La bonne affaire d'abord. Elle n'existe pas. Il existe un marché, avec des valeurs d'équilibre. La situation des vendeurs peut justifier un plus grand empressement à vendre, et c'est d'ailleurs la plupart des cas, puisque les unions, les séparations, les naissances, les décès sont les principaux pourvoyeurs de mandats de cession de biens immobiliers. Pour autant, les enjeux patrimoniaux sont tels pour les vendeurs que même la relative urgence d'une cession ne saurait conduire à la braderie. Tout au plus peut-elle, bien sûr, permettre une négociation plus facile parce que les propriétaires seront prêts, plus vite, à un effort. Le professionnel immobilier est là pour mesurer l'ampleur de la marge de manœuvre, dans le respect des intérêts des parties.

Il s'ajoute, à ces considérations sur le mythe de la bonne affaire, que les acquéreurs sont eux-mêmes dans des situations de vie  particulières, alors qu'ils sont fréquemment présentés comme en apesanteur, sans aucune pression, pouvant indéfiniment attendre le prix le plus bas. C'est faux : le besoin d'une pièce de plus, ou de moins, le changement de localisation consécutif à une mutation professionnelle et tant d'autres événements font des ménages acquéreurs des acteurs engagés et non des négociateurs purs, qui achèteraient pour le jeu.

Une fois écartée la tentation de "la bonne affaire", il reste une difficulté insurmontable pour les particuliers, et les professionnels ne le disent pas assez clairement, négligeant de décrire le cœur de leur rôle : déterminer le juste prix est l'acte à plus forte valeur ajoutée ! C’est d’ailleurs la plus importante contribution des conseillers, ceux de Capifrance en particulier, formés à ce travail et disposant d'outils pour le mener à bien (notamment pour observer les transactions et les offres locales de façon panoramique). La connaissance du marché, certes, mais surtout des micro-marchés qui constituent le marché global, l'appréciation objective, dépassionnée, du bien lui-même, avec ses atouts et ses faiblesses sont de la seule compétence du conseiller immobilier. Les auto-estimations mènent à des délais de vente anormalement longs, parce qu'il faut ensuite réajuster plusieurs fois le prix pour rejoindre le réel, et le plus souvent le bien a fini par perdre son crédit aux yeux des acquéreurs las.

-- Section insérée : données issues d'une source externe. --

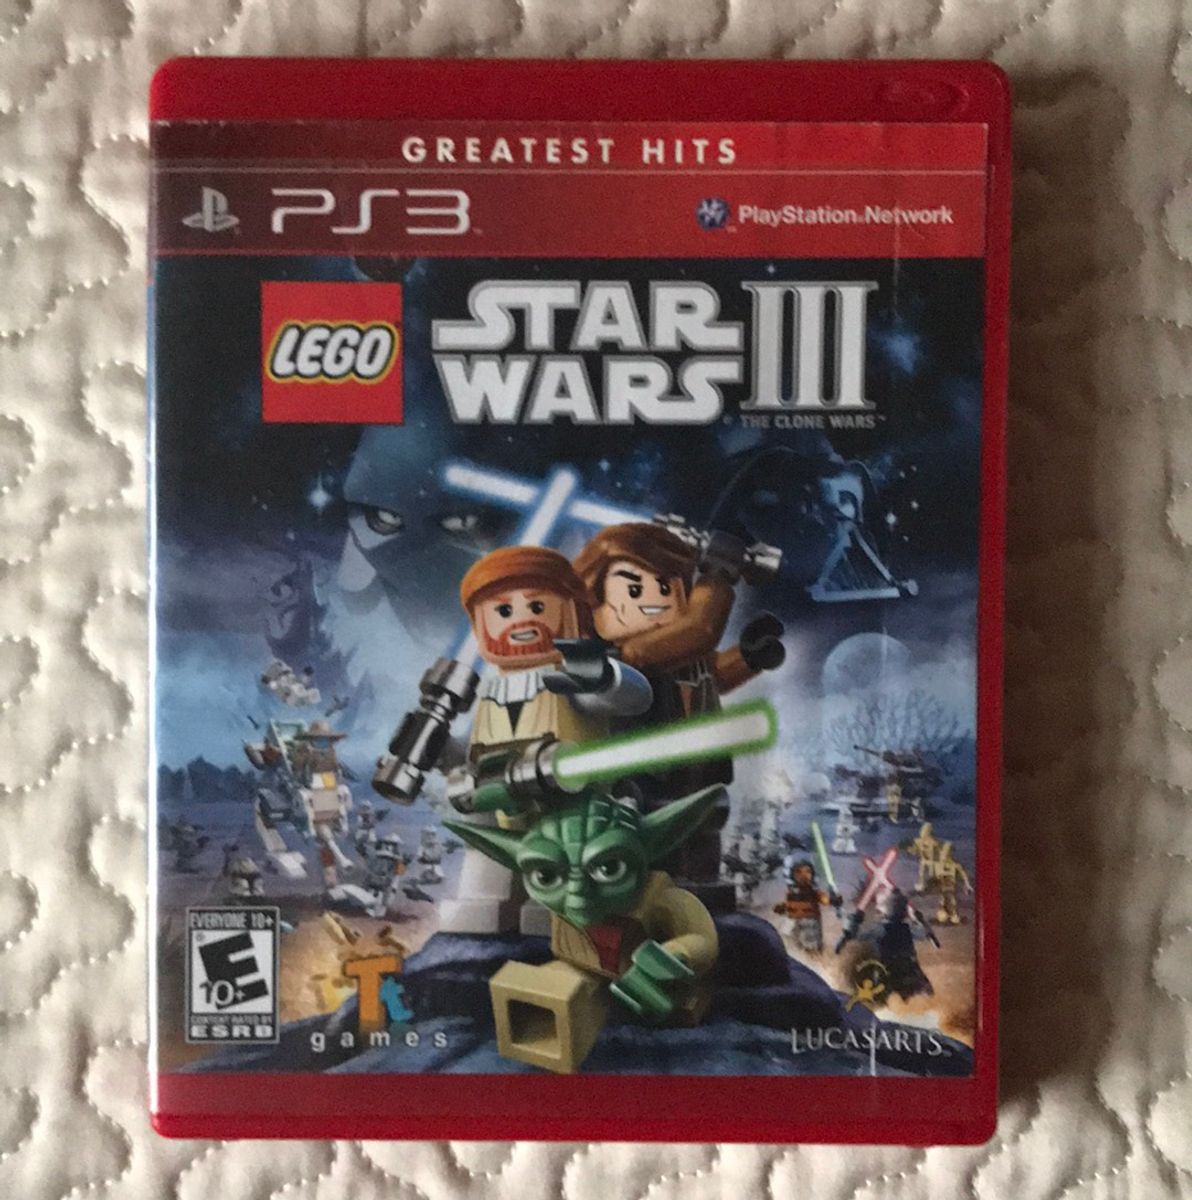 Jogo PS3 LEGO Star Wars: The Force Awakens
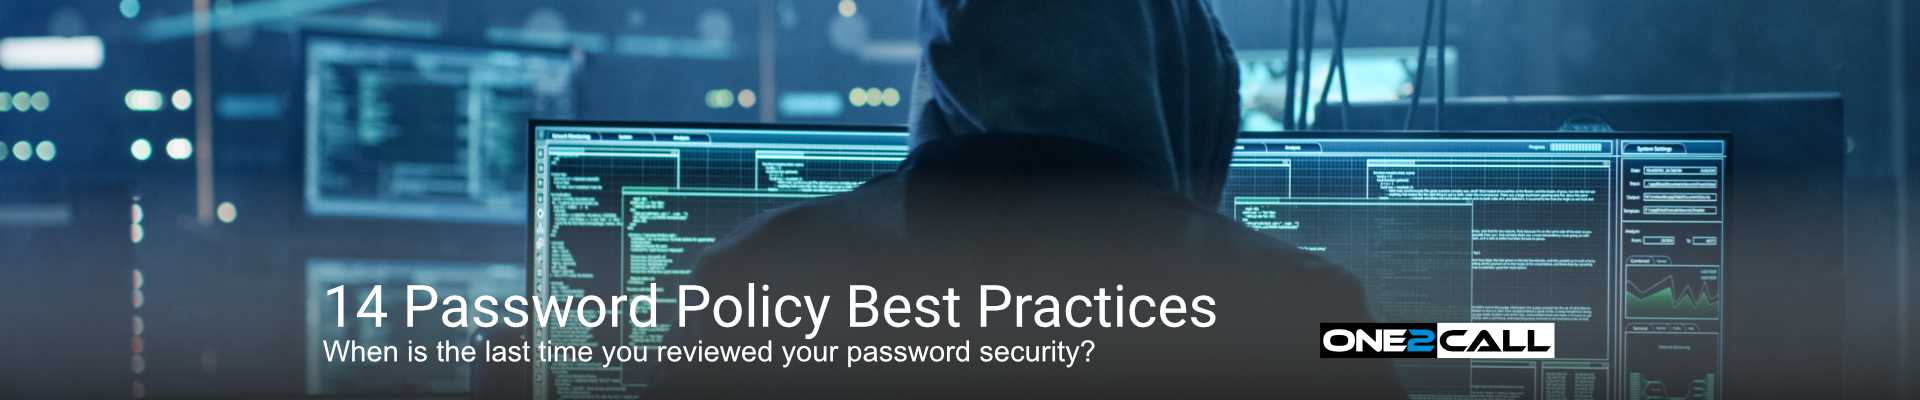 14 Password Policy Best Practices

Enfin, le conseiller est seul en situation de jauger quelle négociation peut dénouer une transaction. Cela exige une connaissance intime des situations respectives des parties, de leur psychologie également, de la concurrence d'autres biens dans le même périmètre et d'autres acquéreurs potentiels. Un travail complexe en somme et d'une haute technicité. Le plus souvent, 2 ou 3% permettent de faire basculer les choses, autorisant le vendeur à réinvestir vite et l'acheteur de satisfaire son besoin. Mais cette moyenne cache des disparités et le professionnel sait regarder ce point majeur avec une précision extrême.

On le voit, la question du juste prix est fondamentale. Elle justifie, en partie, les honoraires auxquels le conseiller va prétendre. D'ailleurs, pour être honnête, dans une transaction sans intermédiaire, l'équivalent des honoraires et même bien plus, est toujours payé, au mieux par les deux parties à parité, le plus souvent par le seul acquéreur...  Simplement parce que le prix est surestimé ! Ne vaut-il mieux pas la sécurité d'un prix bien fixé d'emblée au bon prix et la confiance accordée à un négociateur de métier ?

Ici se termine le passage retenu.